In maybe the only case that specifically addresses the issues we’re discussing in this article, The Maryland Court of Special Appeals held in Shawna Lynn Faith v. State of Maryland (2019) that a genital inspection of a person on the shoulder of an interstate highway violated the Fourth Amendment. Unfortunately, this precedent is binding only on Maryland state courts and is of limited importance to other courts.

To sum up it all up, courts have found that the scope, method, justification and location of strip and cavity searches all play a role in determining their constitutionality. They also found that personal privacy and dignity play a role. They held that preservation of evidence and safety of arresting officers are the primary justification for warrantless strip/body cavity searches. And they ruled that such searches must be held in private unless exigent conditions exist. Despite the writing on the wall, law enforcement continues to ignore the personal privacy and dignity of these women being subjected to warrantless body cavity searches on the side of our roads and highways.

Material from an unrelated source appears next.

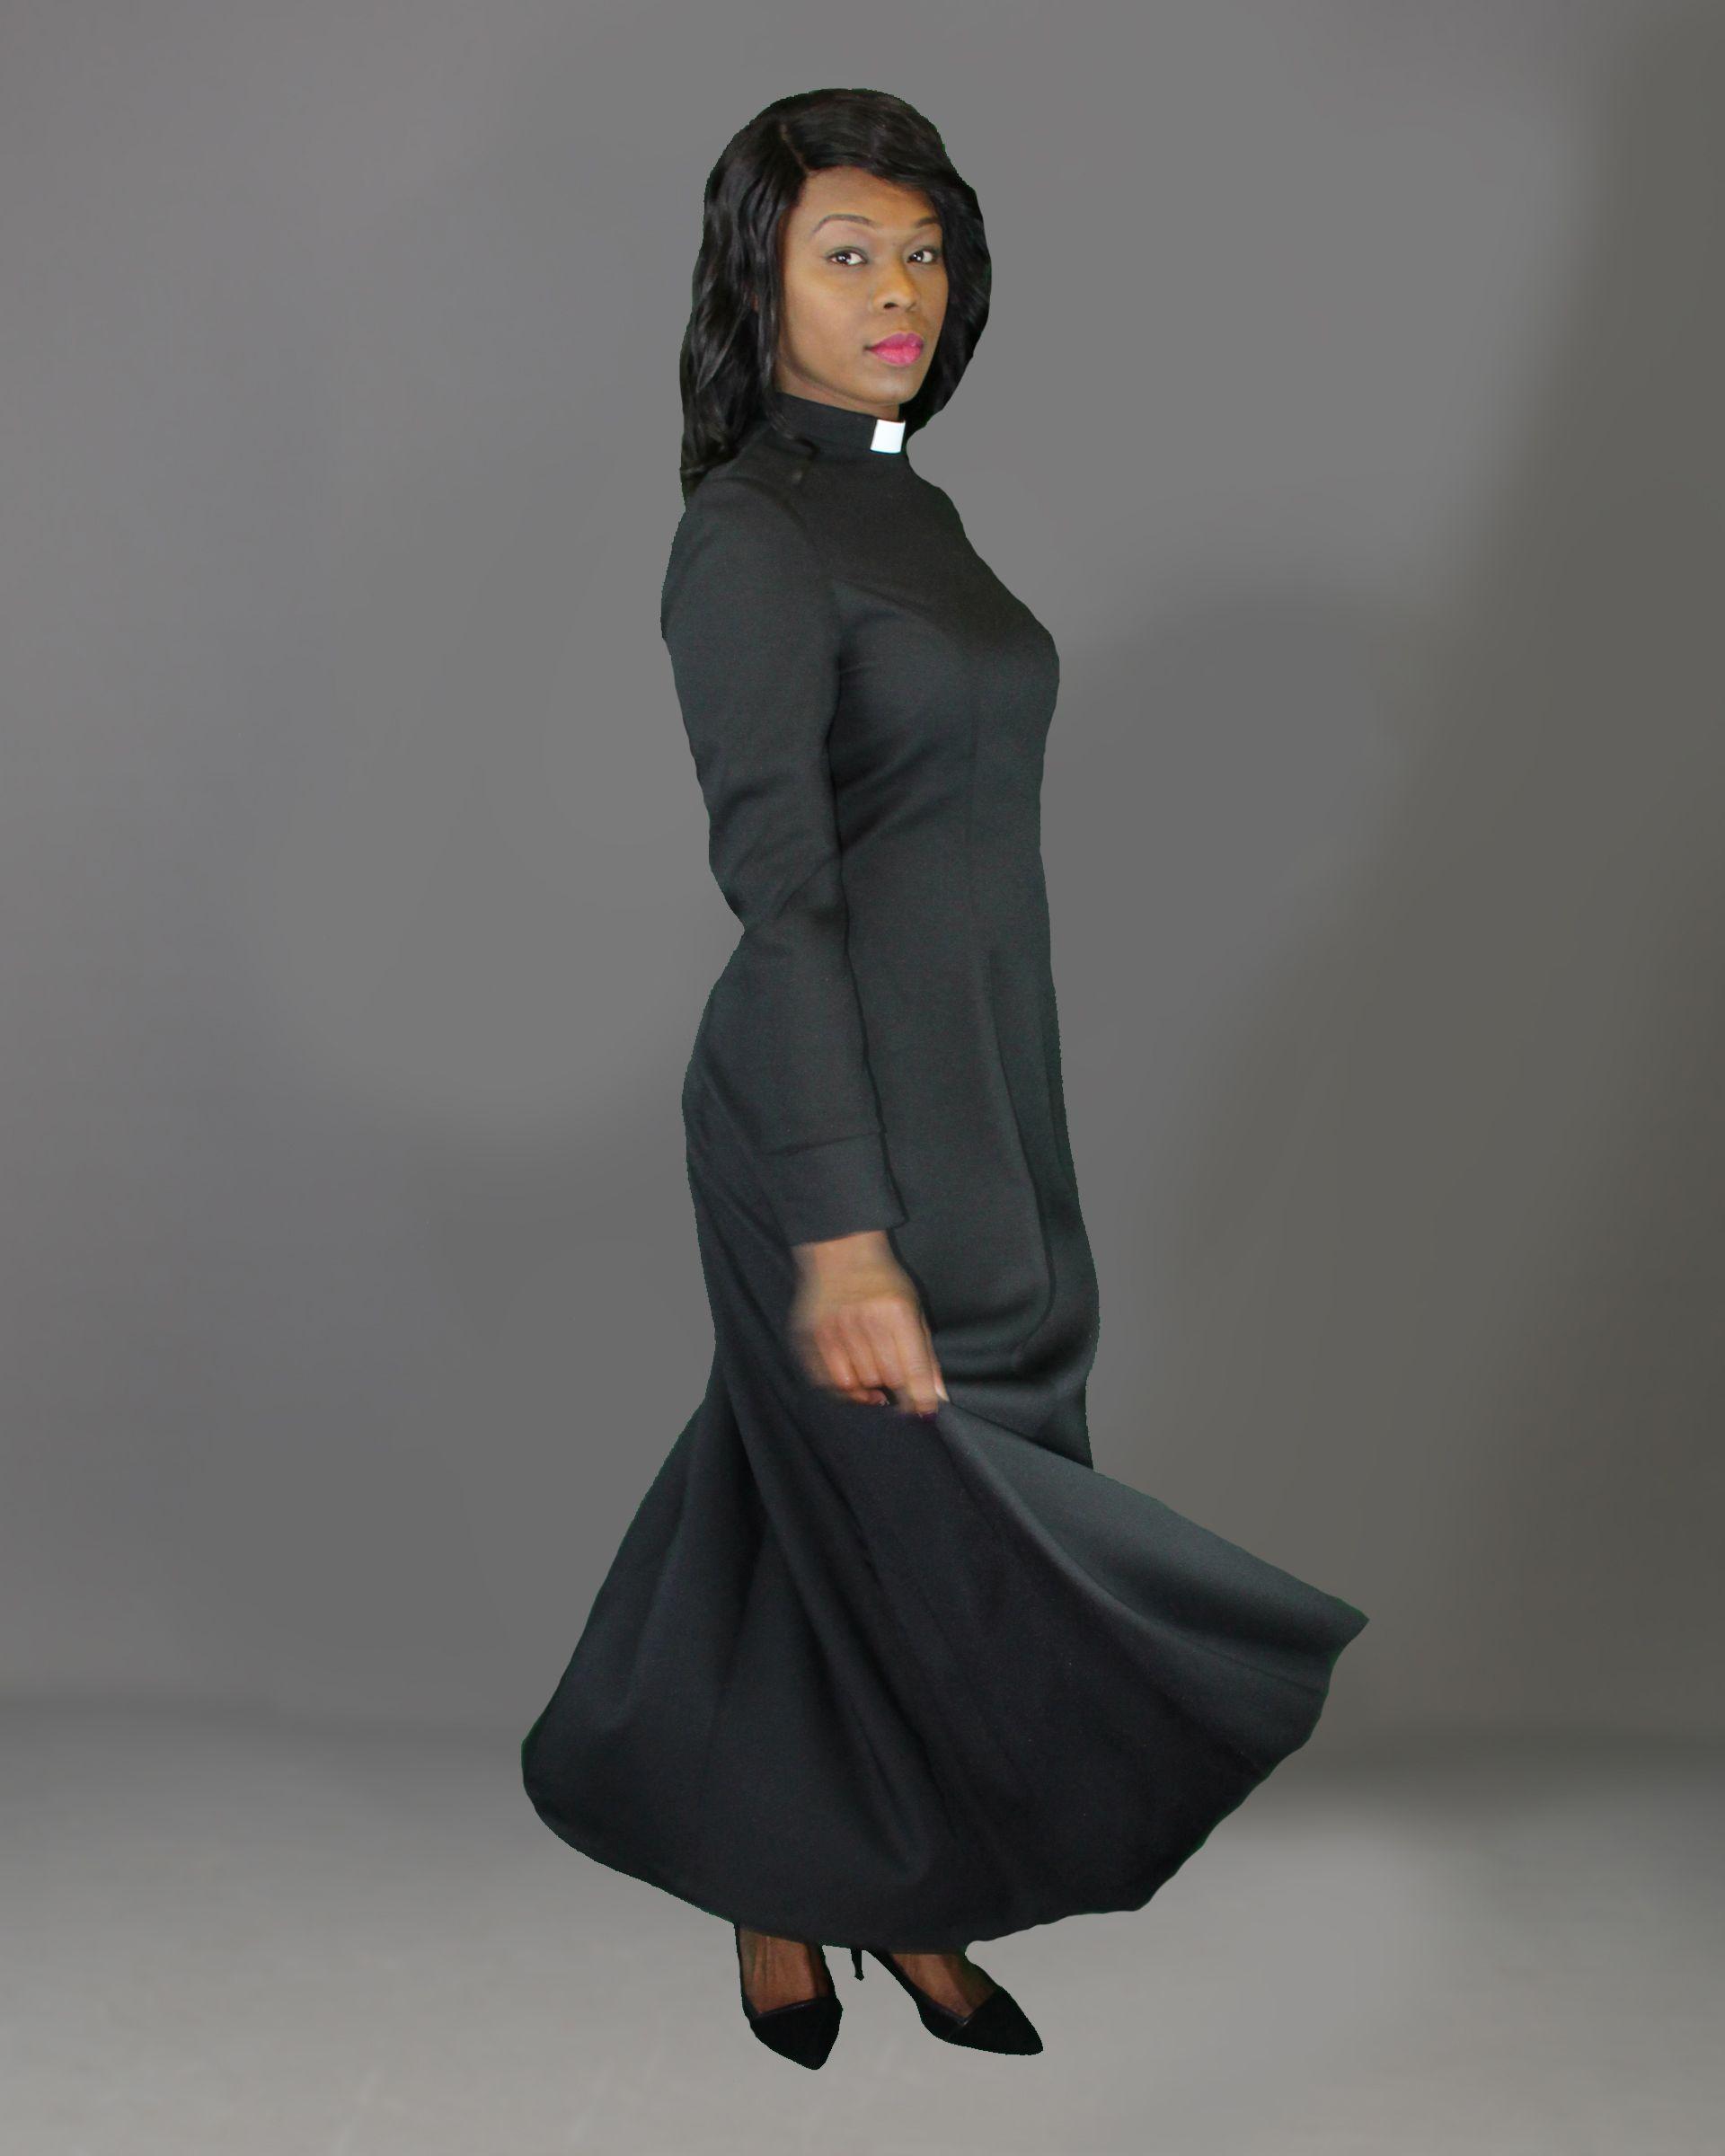 dd9778fa790c Full Length Clergy Dress Black | Fashion | Dresses, Church attire ...

A few state legislatures have stepped up and provided some protection against warrantless roadside body cavity searches, notably among them is Texas, Ohio and California. Roadside searches now require a search warrant while unwarranted searches to preserve evidence must take place in a private setting. Unsurprisingly, the Texas law has no penalties for law enforcement personnel that violate it. Additionally, while many law enforcement agencies have guidelines on strip and body cavity searches, they are typically exceedingly permissive. Officers are rarely held accountable for conducting body searches outside legal and procedural parameters.

Even in the upsetting examples noted above, which even their own departments are reticent to defend, law enforcement officers are protected by qualified immunity. Qualified immunity protects police officers from criminal charges or civil lawsuits in all but a few extreme circumstances. When it comes to internal investigations, the “blue wall of silence” hampers the efforts of investigators. And police unions exert such political influence that it deters local governments from taking action. If there are no consequences, law enforcement officers have little incentive to change their behavior.

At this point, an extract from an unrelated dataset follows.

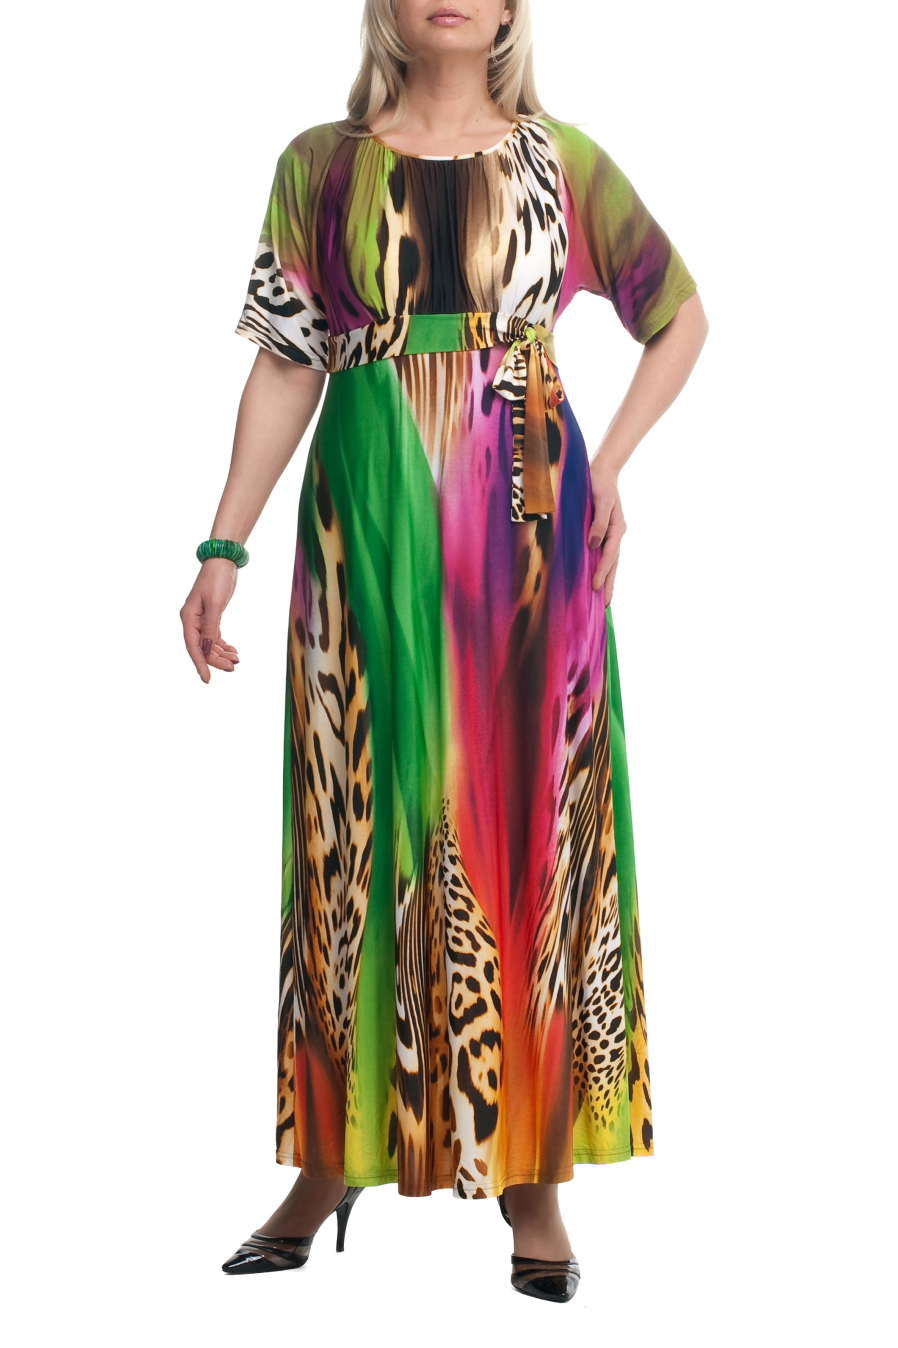 ПлатьеПлатья<br>Яркое платье в пол. Модель выполнена из приятного материала. Отличный выбор для летнего гардероба.  Цвет: мультицвет  Рост девушки-фотомодели 173 см.<br><br>Горловина: С- горловина<br>По длине: Макси<br>По материалу: Трикотаж<br>По рисунку: Леопард,С принтом,Цветные<br>По силуэту: Полуприталенные<br>По стилю: Повседневный стиль,Летний стиль<br>Рукав: До локтя<br>По сезону: Лето<br>По элементам: С завышенной талией<br>Размер : 52,54,56,60,62,64,66,68,70<br>Материал: Холодное масло<br>Количество в наличии: 28

But why do they do it? A common factor in many cases of police abuse is that an officer feels disrespected by the victim. Too often, police have an incredibly low tolerance for people who question the legality of a traffic stop, “talk back” or they perceive as being uncooperative. These public searches of genitalia can be a form of extrajudicial punishment imposed as a consequence for annoying a police officer.

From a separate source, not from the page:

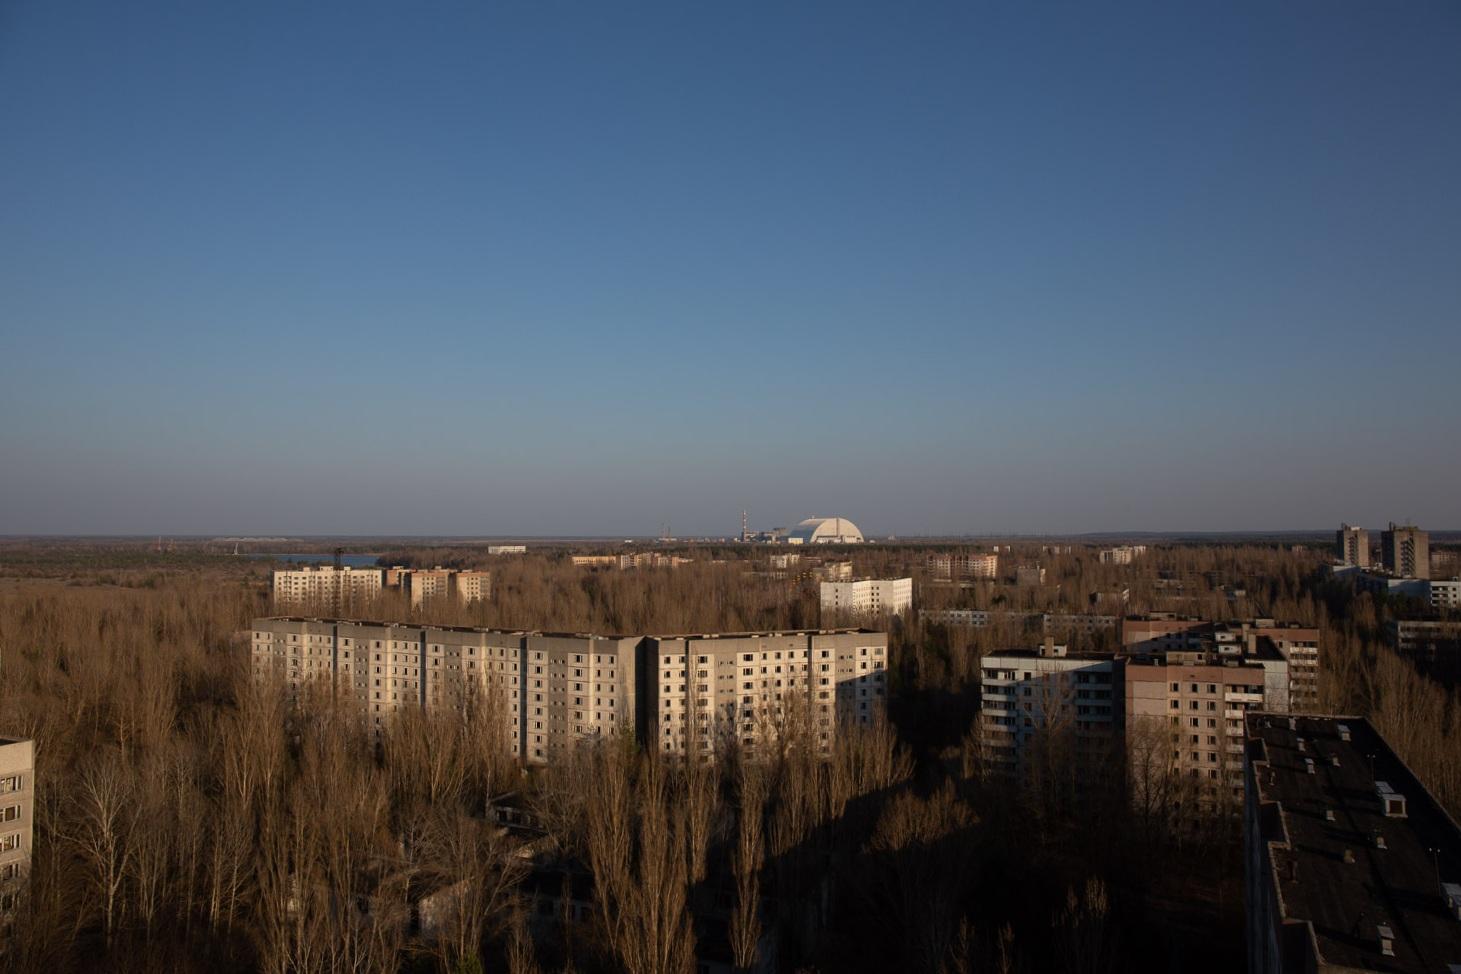 chernobyl+power+plant-3.jpg

The Sandra Bland incident in Texas is a high-profile example of an officer feeling disrespected and abusing his authority. Bland was pulled over for a minor traffic violation and expressed annoyance at the traffic stop. The officer, feeling disrespected, quickly escalated the situation. Bland (correctly) asserted her rights and was taken into custody for assaulting a police officer; a charge that the dashcam footage did not support. Bland annoyed a Texas state trooper by insisting upon her rights and he unjustly arrested her, leading to her death in jail.

Bland’s family later reached a $1.9 million settlement with Waller County and the Texas Department of Public Safety. The arresting officer was charged with perjury after a public outcry, but those charges were dropped in exchange for his agreement to not pursue any law enforcement employment in the future. Most officers who lose their jobs for this kind of misconduct fare much better, however, regaining their jobs through arbitration or finding positions in different police departments.

The next time you read about one of these excessively aggressive warrantless roadside cavity searches, you’ll know why they continue to occur. Until the courts rule decisively against them, until the law prohibits them, until law enforcement agencies forbid them and until police are punished for conducting them, these flagrant abuses of authority will continue unabated.